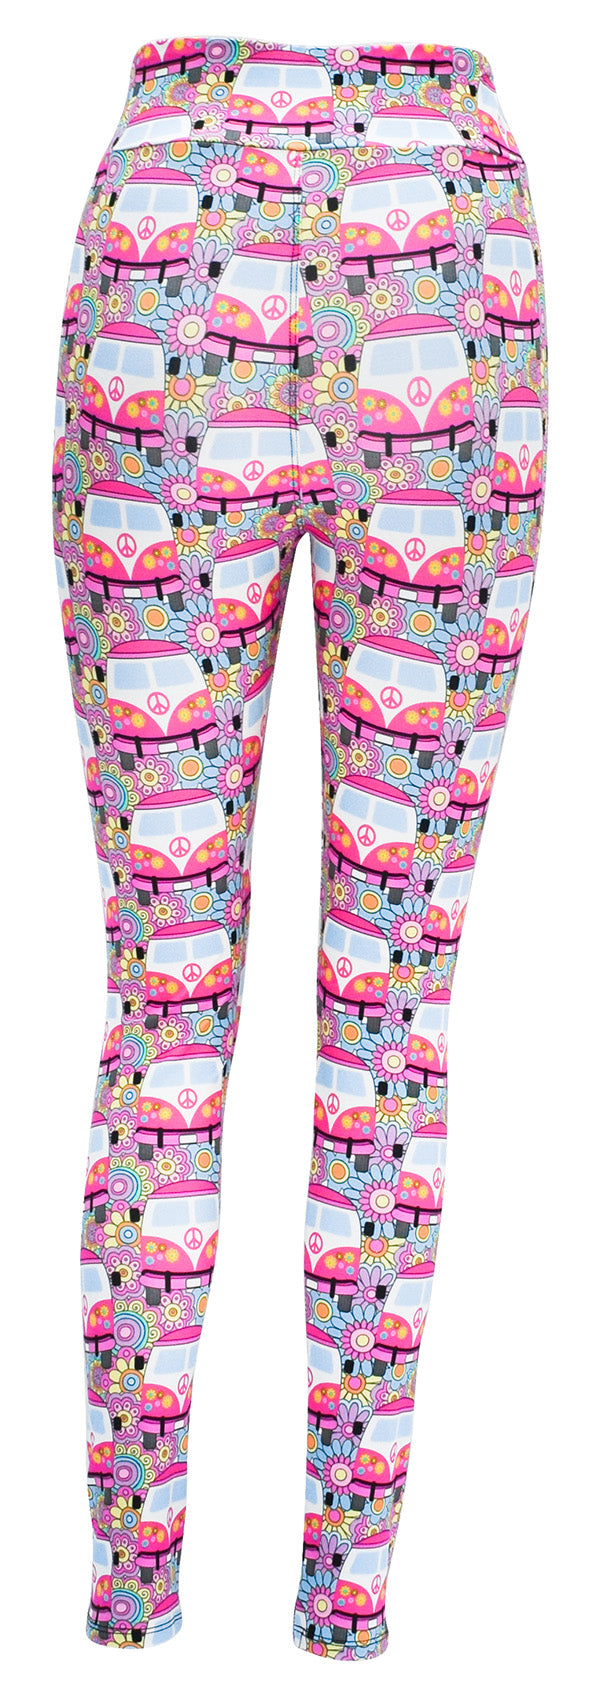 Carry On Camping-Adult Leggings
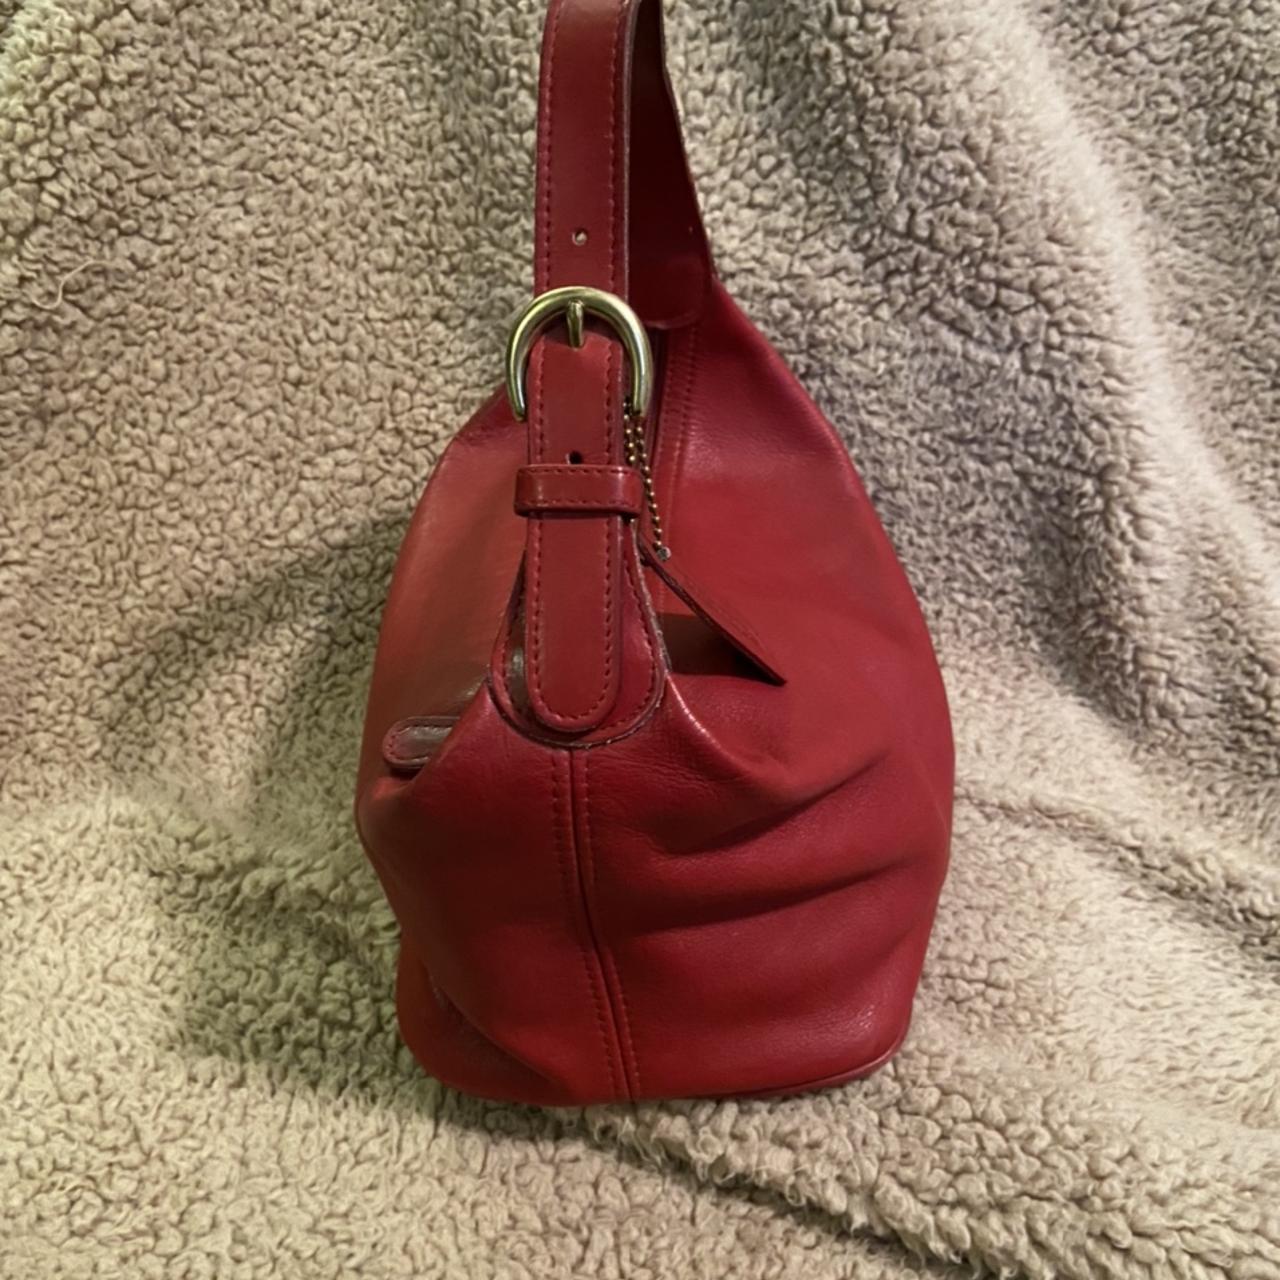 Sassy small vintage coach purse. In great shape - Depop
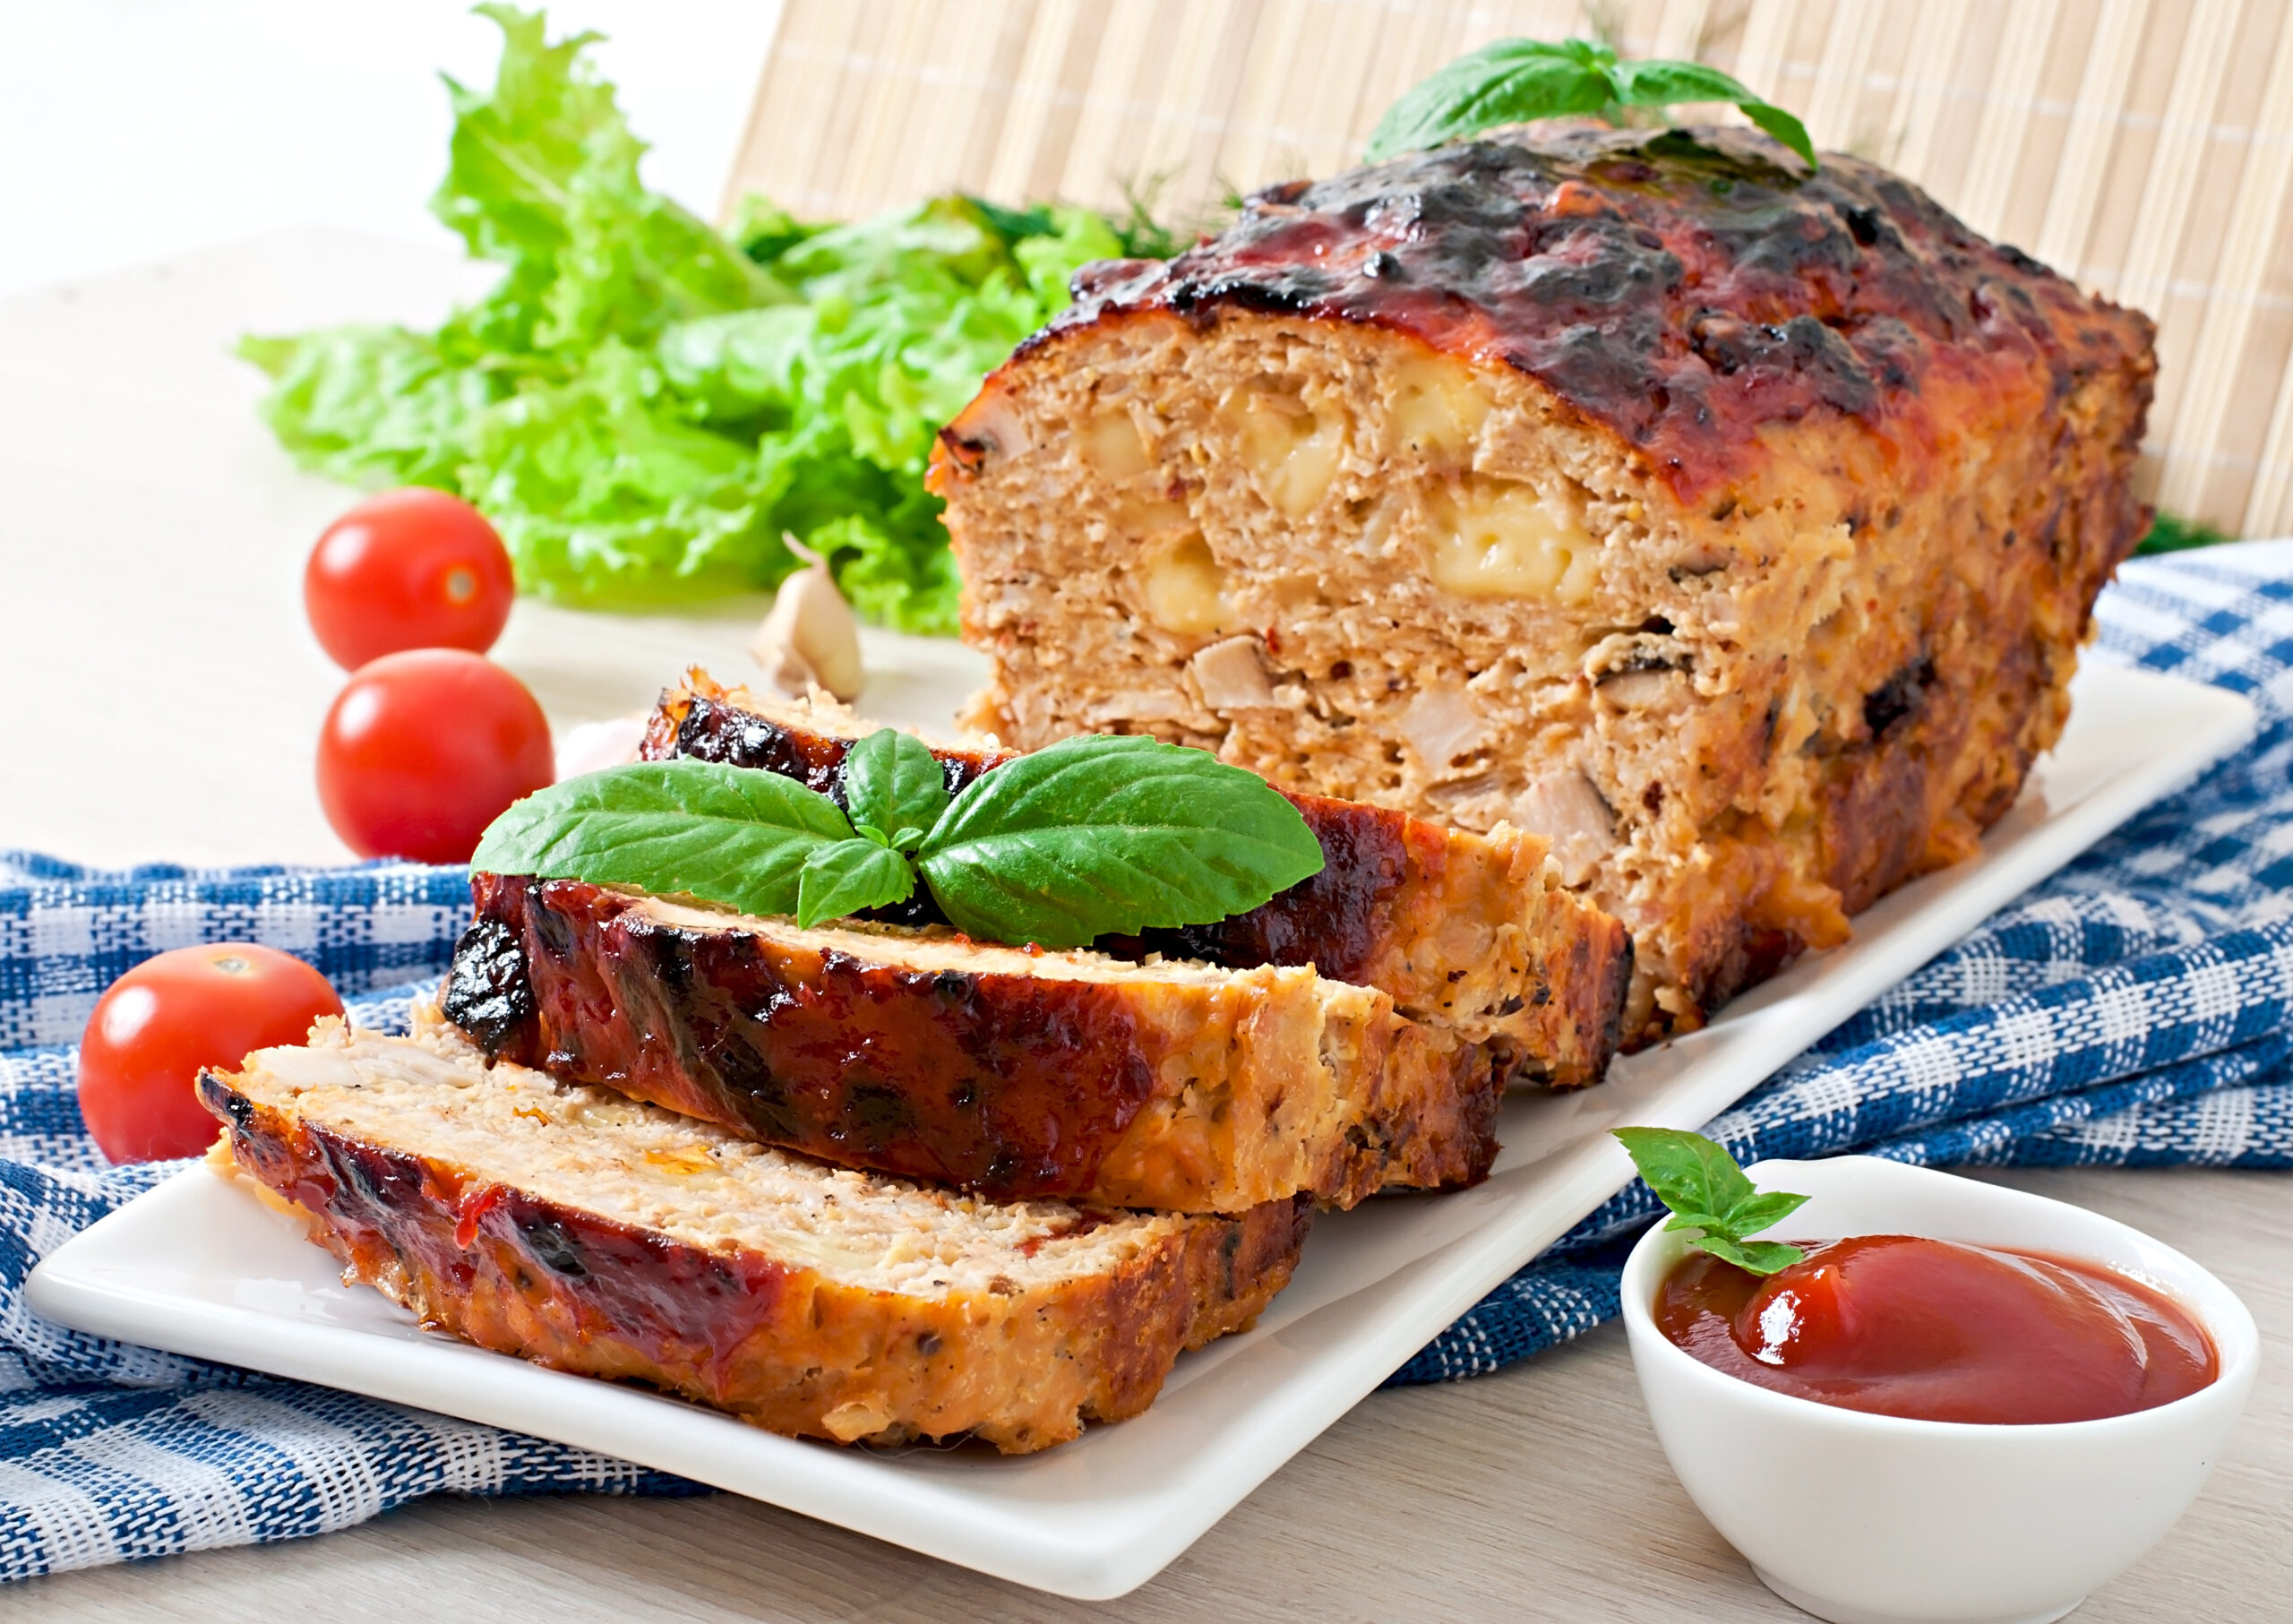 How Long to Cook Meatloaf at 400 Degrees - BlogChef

···

• [What to produce]
Only the pictures in the listing above get left out; print everything else exactly.

• [Solution to the problem]
 Carry On Camping-Adult Leggings
 Sassy small vintage coach purse. In great shape - Depop
 How Long to Cook Meatloaf at 400 Degrees - BlogChef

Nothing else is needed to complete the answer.